We currently always swap the CSR with null on interrupt and write the new thread’s value when resuming. As long as writing null stops, this is fine.

-- Read ztop returns the progress (ztop.address). Ztop.tag is cleared when zeroization completes (ztop.address == ztop.base)

That’s perfect, I can delete a conditional branch from the switcher code with this guarantee.

-- Hardware statemachine stops

We don’t need this, since we will explicitly stop it a few instructions into the interrupt handler. It doesn’t hurt though.

-- If the current CPU instruction is a stalled load/store (to the uncleared stack region), it will fault. (in such case we could see a fault followed by an interrupt)

The ideal behaviour here would be to not fault, but to rewind the MEPCC to the start of the interrupted instruction.
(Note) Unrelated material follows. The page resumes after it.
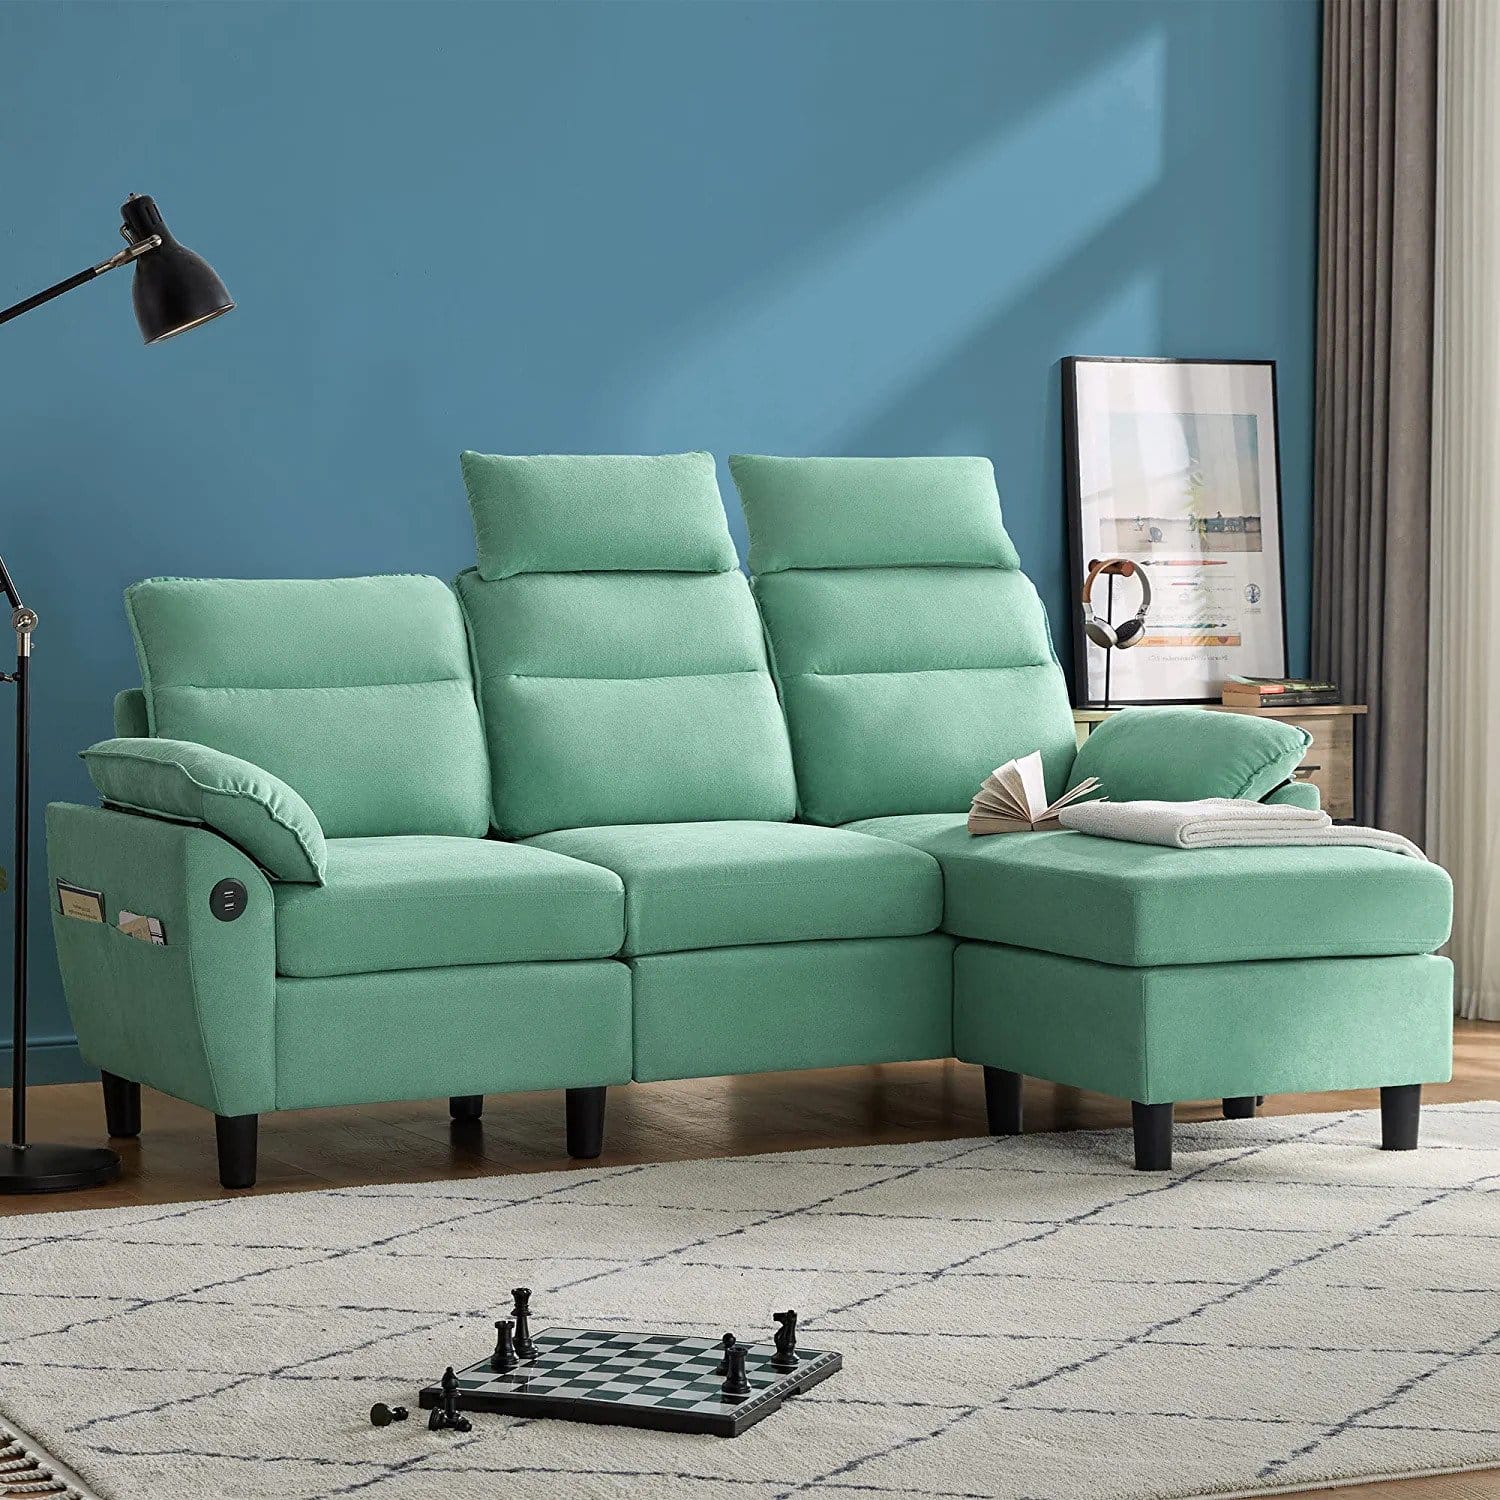 LINSY HOME Reversible Sectional Sofa Couch

I wonder if it’s possible to move the PCC update to after the zeroizer had approved to instruction?

-- Question - note we don't have a way to explicit tell software that the hardware zeroization is busy (in progress). So if we read-back ztop as tagged, it could either by the hardware is idle/aborted or is still in progres.. Is that a problem?

That should be fine. We treat the zeroization state as just another part of thread state. As long as we can stop it for a region and restart it for a region, we don’t care if one of those regions is empty. We just spill and reload the untagged value and the hardware ignores it. If we interrupt a thread during zeroing, we store its ztop and resume it later.

kliuMsft commented 11 months ago

The ideal behaviour here would be to not fault, but to rewind the MEPCC to the start of the interrupted instruction. I wonder if it’s possible to move the PCC update to after the zeroizer had approved to instruction?

Rewinding mepcc is the fault behavior though.. And since we only support direct/non-vectored exceptions, to me it seems not much different. we can certainly use a different mcause to signal this is a special case?

davidchisnall commented 11 months ago

Rewinding mepcc is the fault behavior though.. And since we only support direct/non-vectored exceptions, to me it seems not much different. we can certainly use a different mcause to signal this is a special case?

The thing that I don't like is needing to enter the interrupt handler twice to deliver the interrupt, once for the fault and once for the interrupt. Ideally, we'd just report the interrupt, but with an MEPCC value that meant that we could resume.

I don't really want to get a fault here, because it isn't a fault. A fault will trigger the error-handling code paths, but there wasn't an error and so they will do the wrong thing. If we had a different error code, we could just fall into the interrupt code path, but we don't need the interrupt. Ideally, we'd have the interrupt cause, but the MEPCC set to the correct value for a fault.